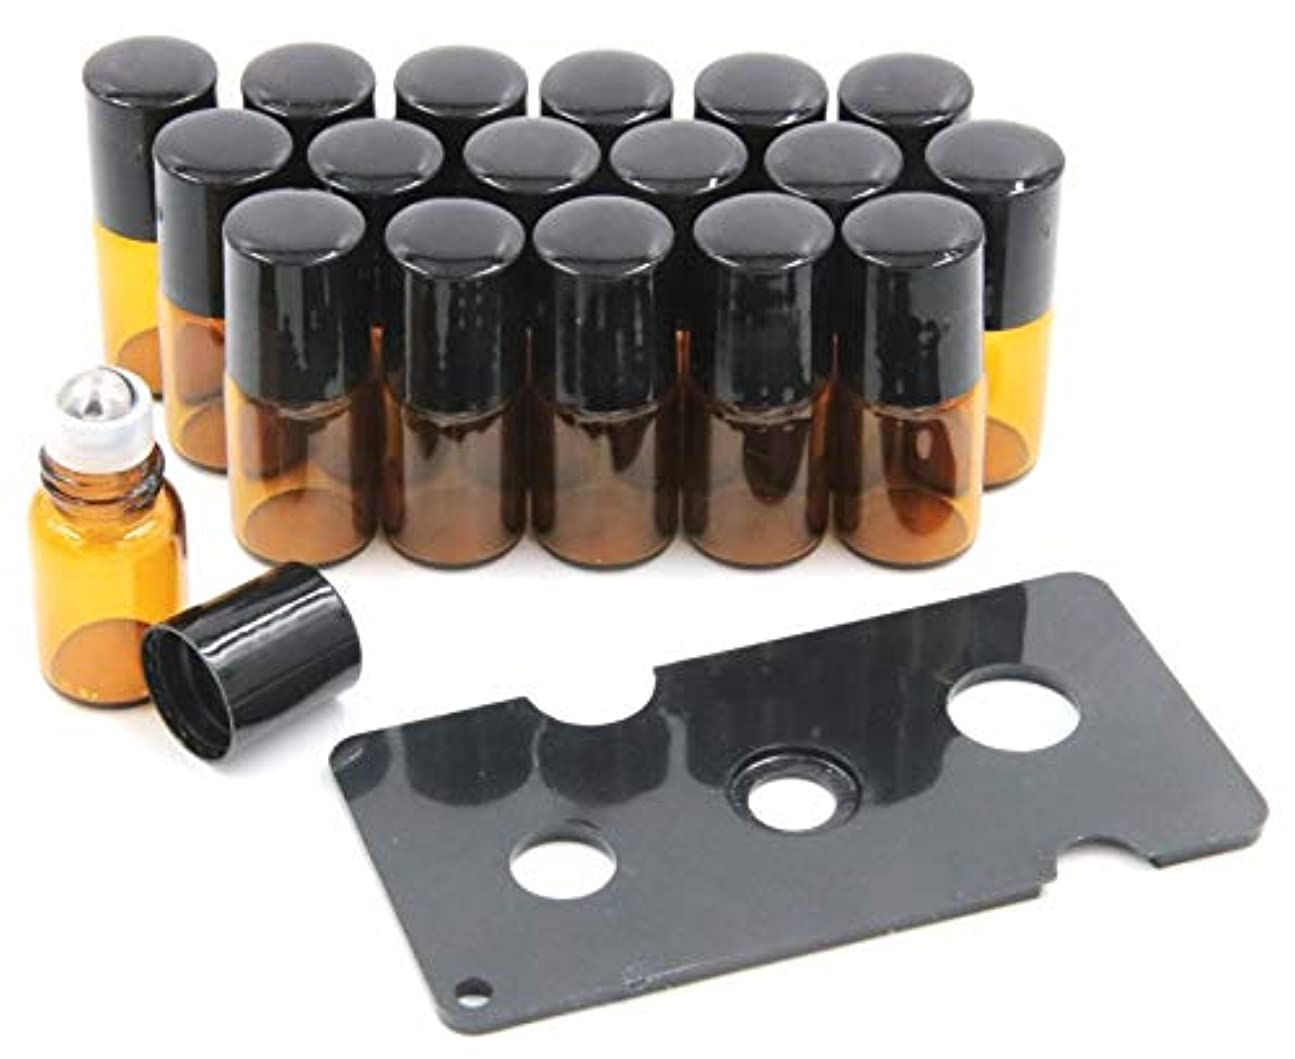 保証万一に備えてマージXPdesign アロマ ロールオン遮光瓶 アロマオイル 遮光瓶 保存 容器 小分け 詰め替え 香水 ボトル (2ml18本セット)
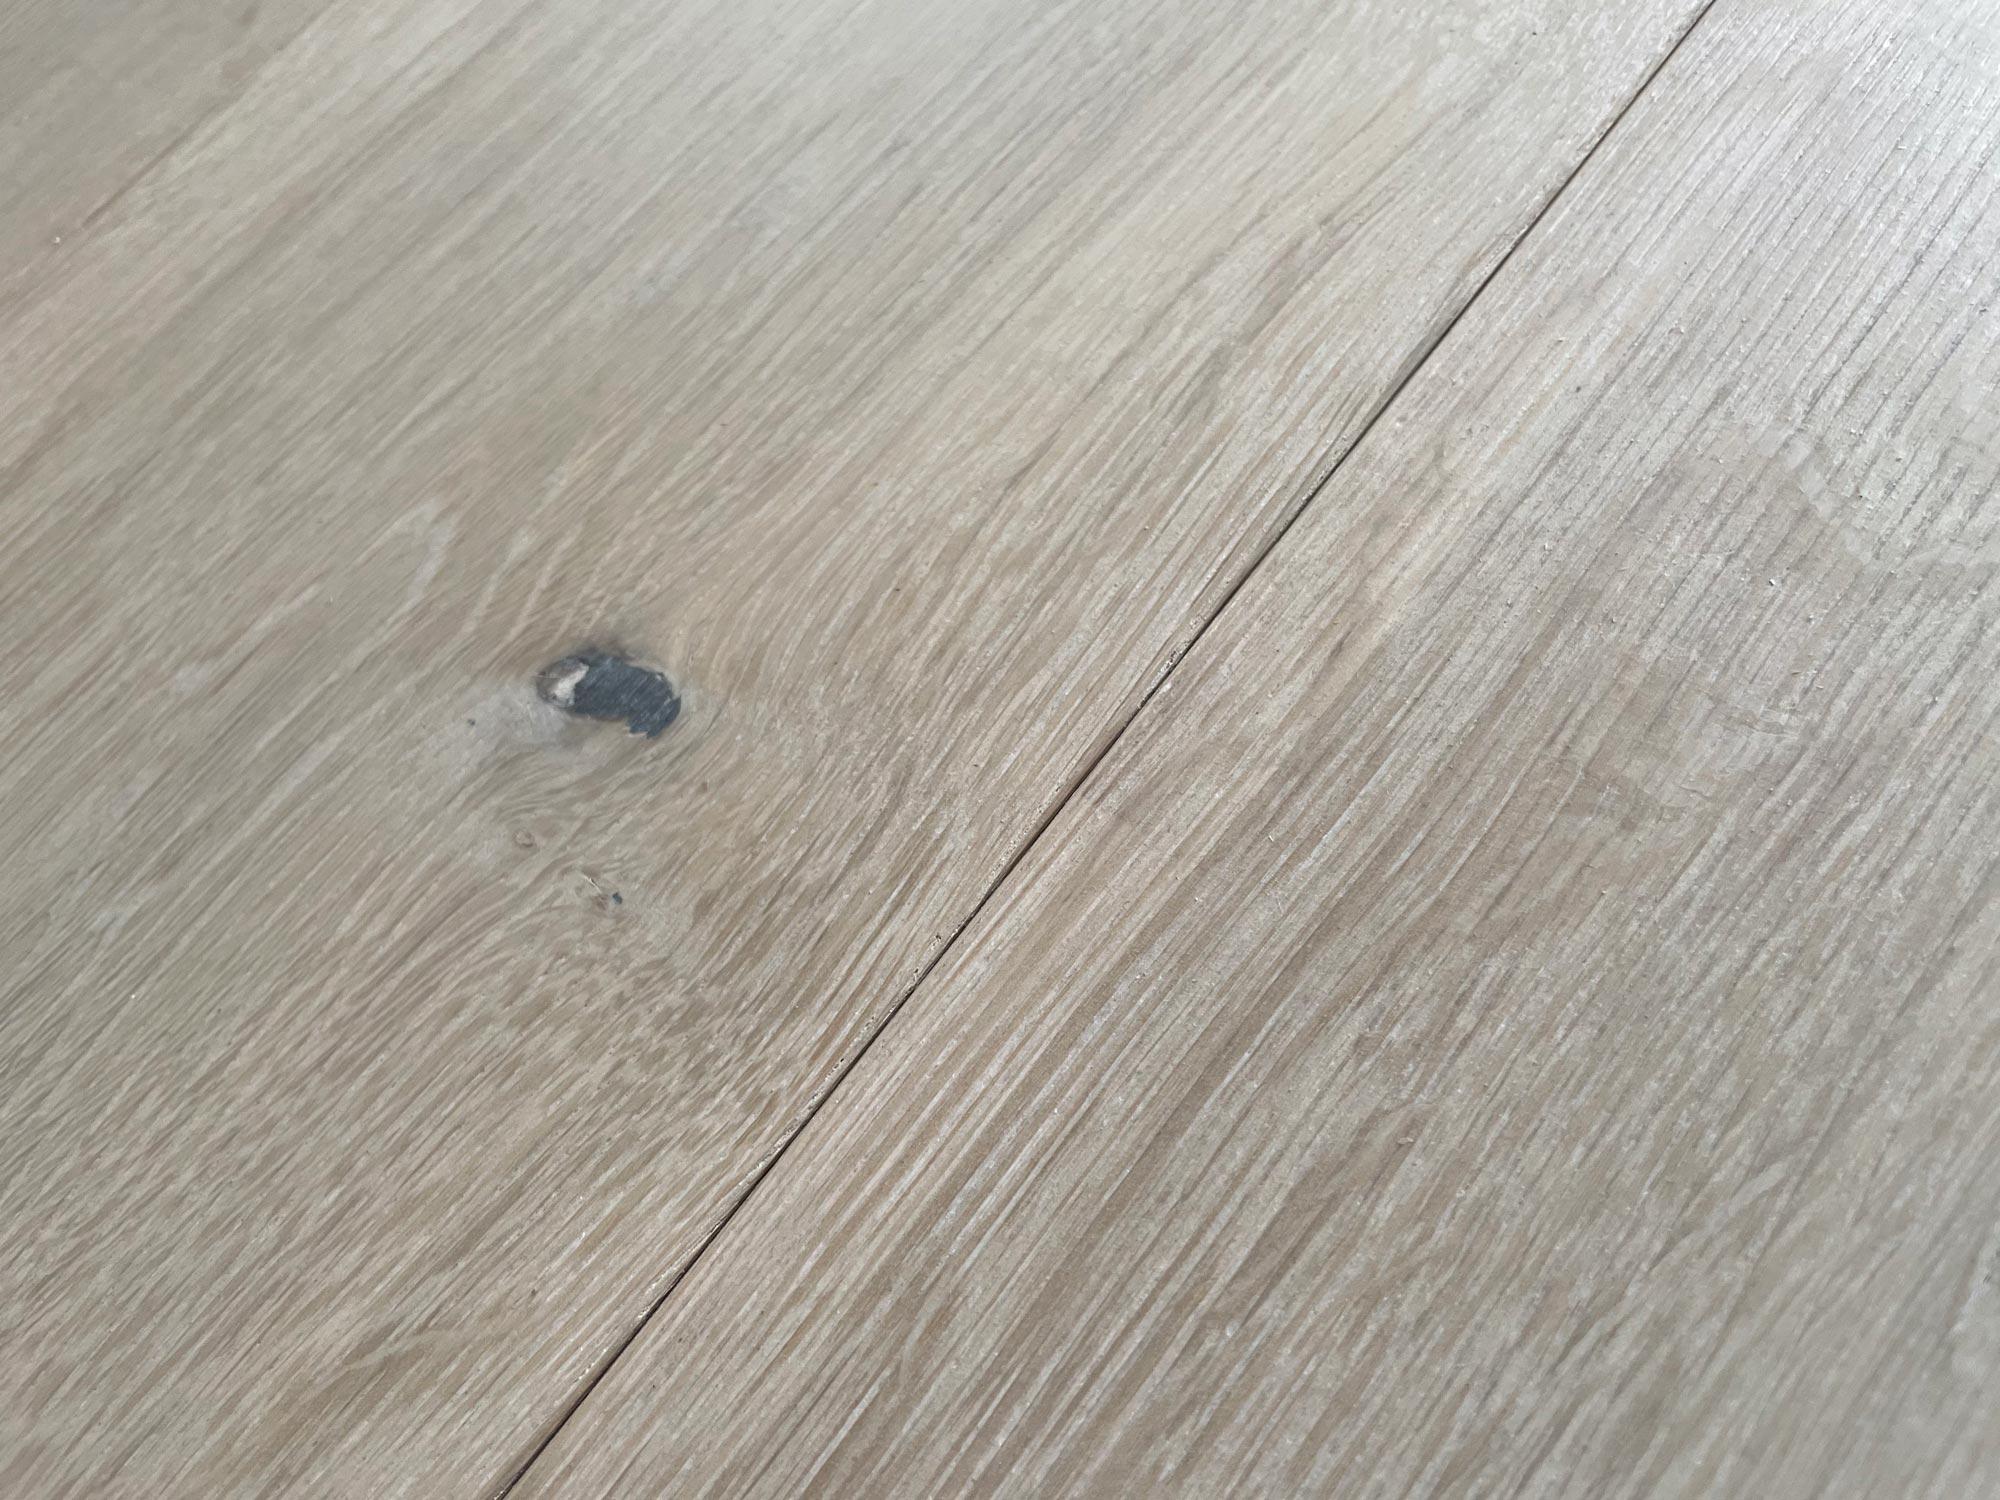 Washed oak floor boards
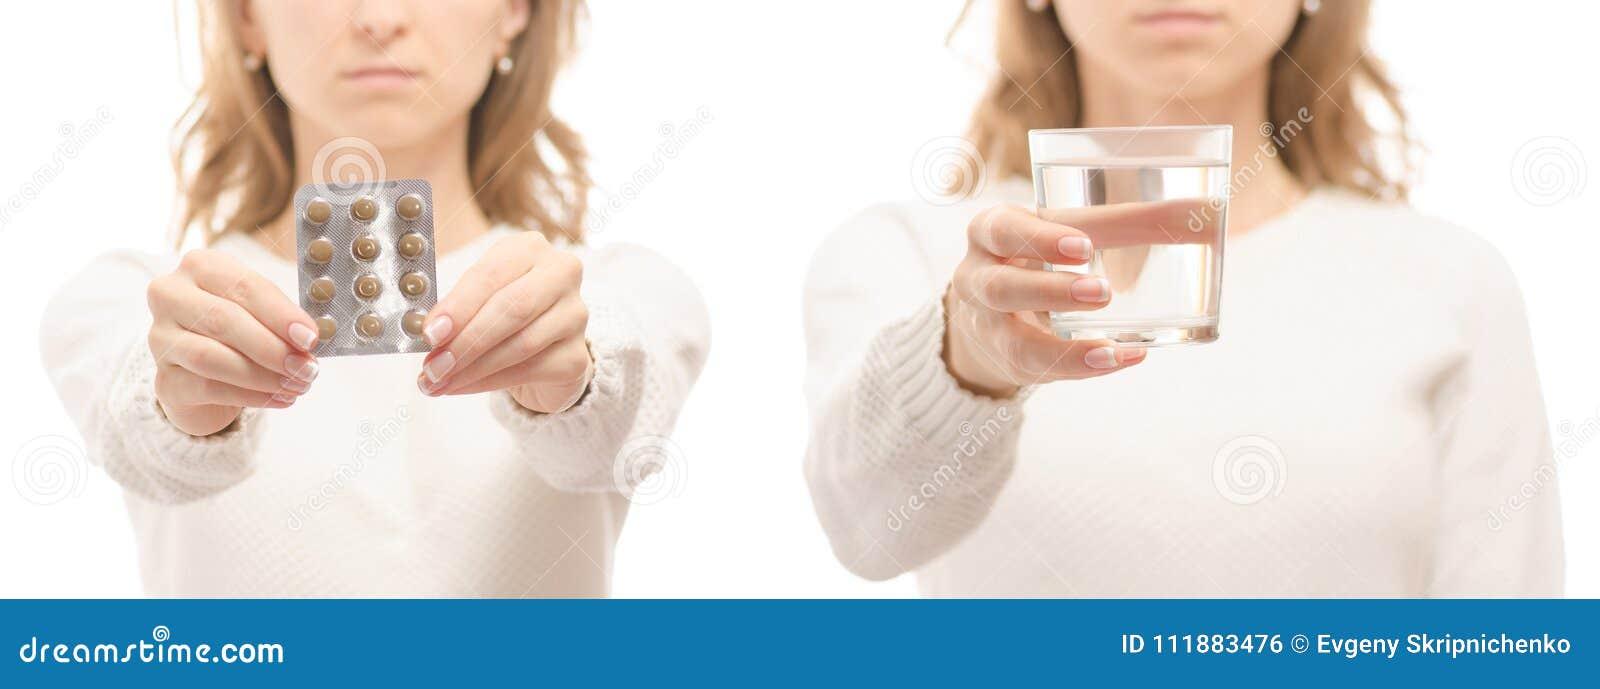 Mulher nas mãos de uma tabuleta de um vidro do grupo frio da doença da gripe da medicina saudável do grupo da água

REQUIREMENT —
Give back the data exactly. Skip any images.

RESPONSE BOX —
 保証万一に備えてマージXPdesign アロマ ロールオン遮光瓶 アロマオイル 遮光瓶 保存 容器 小分け 詰め替え 香水 ボトル (2ml18本セット)
 Washed oak floor boards
 Mulher nas mãos de uma tabuleta de um vidro do grupo frio da doença da gripe da medicina saudável do grupo da água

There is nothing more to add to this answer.